Existing earphone has two housings conventionally, and loudspeaker are installed in each housing, is respectively L channel loudspeaker and R channel loudspeaker.When people use earphone, two housings are worn over respectively outside left side ear and right ear.In addition, existing earphone all arranges audio signal input unit, the audio signal of exporting for receiving portable type electronic product.If earphone is wired earphone, audio signal input unit has audio socket conventionally, and for being inserted in the audio sockets of electronic equipment, and audio socket is connected by electrical wiring to loudspeaker, to loudspeaker output signal.If earphone is wireless headset, audio signal input unit has radio receiver, as Bluetooth signal receiving system etc., and the audio signal sending in wireless signal mode for receiving electronic product, and to loudspeaker output signal.

To economize into this ﹐ and only adopted cheap audio frequency conversion to promote loudspeaker ﹐ digital audio data with amplifier not obtain performance incisively and vividly in order to save because the audio frequency output of general mobile phone or music player is all subsidiary Gong Neng ﹐ manufacturer.Add that to output to the signal power of audio signal input unit very little, be often not enough to drive loudspeaker, therefore power amplifier need to be set conventionally in earphone, outputing to loudspeaker after the power amplification of audio signal.Existing earphone uses transistor composition power amplifier conventionally, but after transistor processes signal, often causes signal to occur the situation of distortion, has influence on the tonequality of earphone.

Utility model content

The purpose of this utility model is to overcome deficiency of the prior art and the high-fidelity optical fiber earphone of a kind of built-in fiber decoder of providing.

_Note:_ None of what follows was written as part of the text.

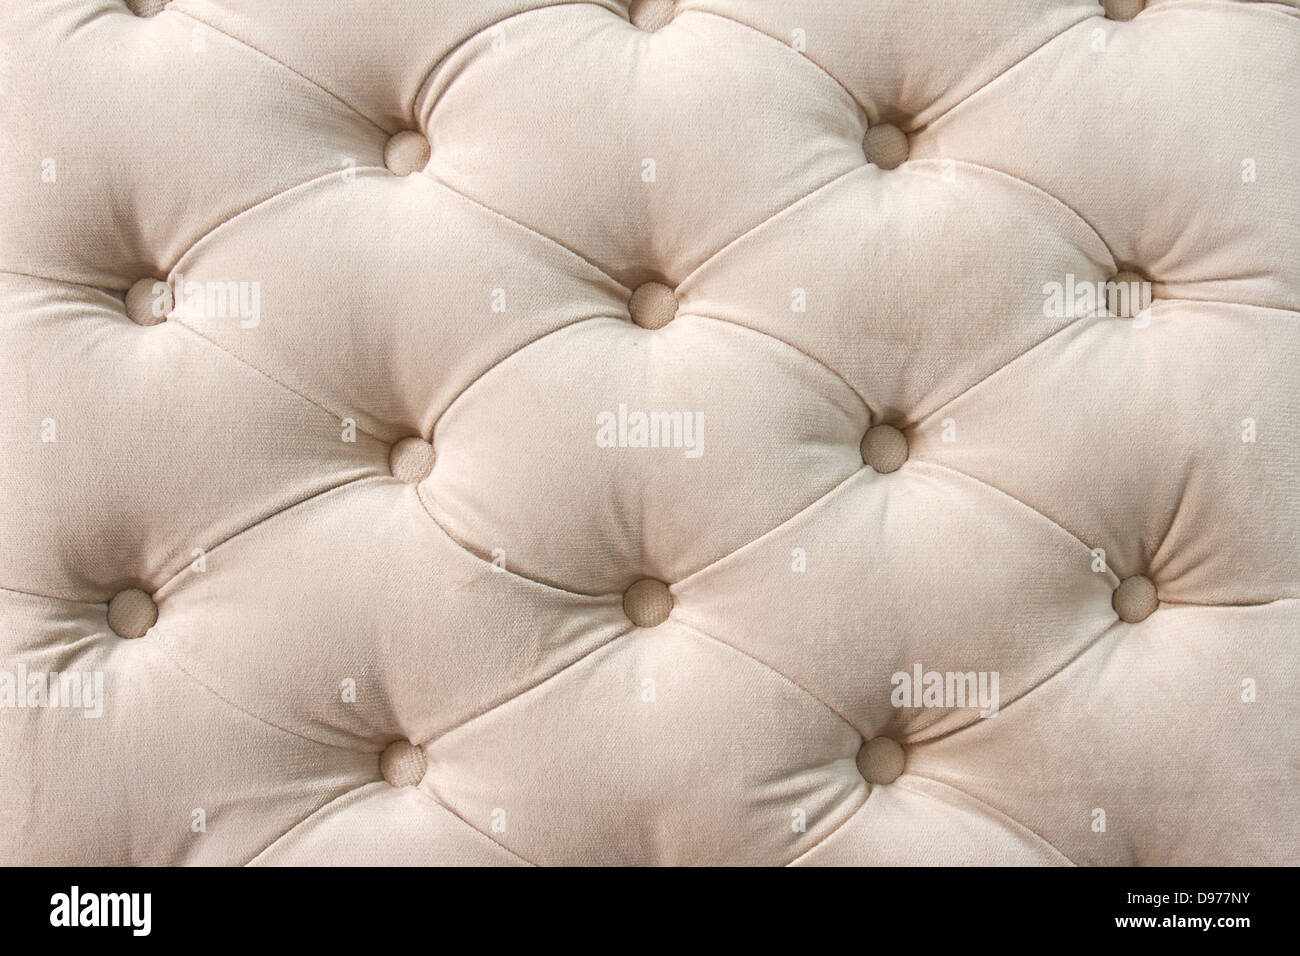 Motif de tissu d'ameublement beige background Banque D'Images

The technical scheme that the utility model solution prior art problem adopts is: a kind of high-fidelity optical fiber earphone, comprising:

Optical fiber received block, in order to receive digital audio and video signals;

Optical fiber decoder, described optical fiber decoder and described optical fiber received block are electrically connected, and convert described digital audio and video signals to simulated audio signal;

Bias voltage circuit, described bias voltage circuit and described optical fiber decoder are electrically connected, for described optical fiber decoder provides bias voltage;

Loudspeaker power amplifier, the input of described loudspeaker power amplifier and described optical fiber decoder are electrically connected, and the simulated audio signal of described optical fiber decoder output is carried out to power amplification;

Loudspeaker, described loudspeaker are connected with described loudspeaker power amplifier, for exporting the simulated audio signal after amplification.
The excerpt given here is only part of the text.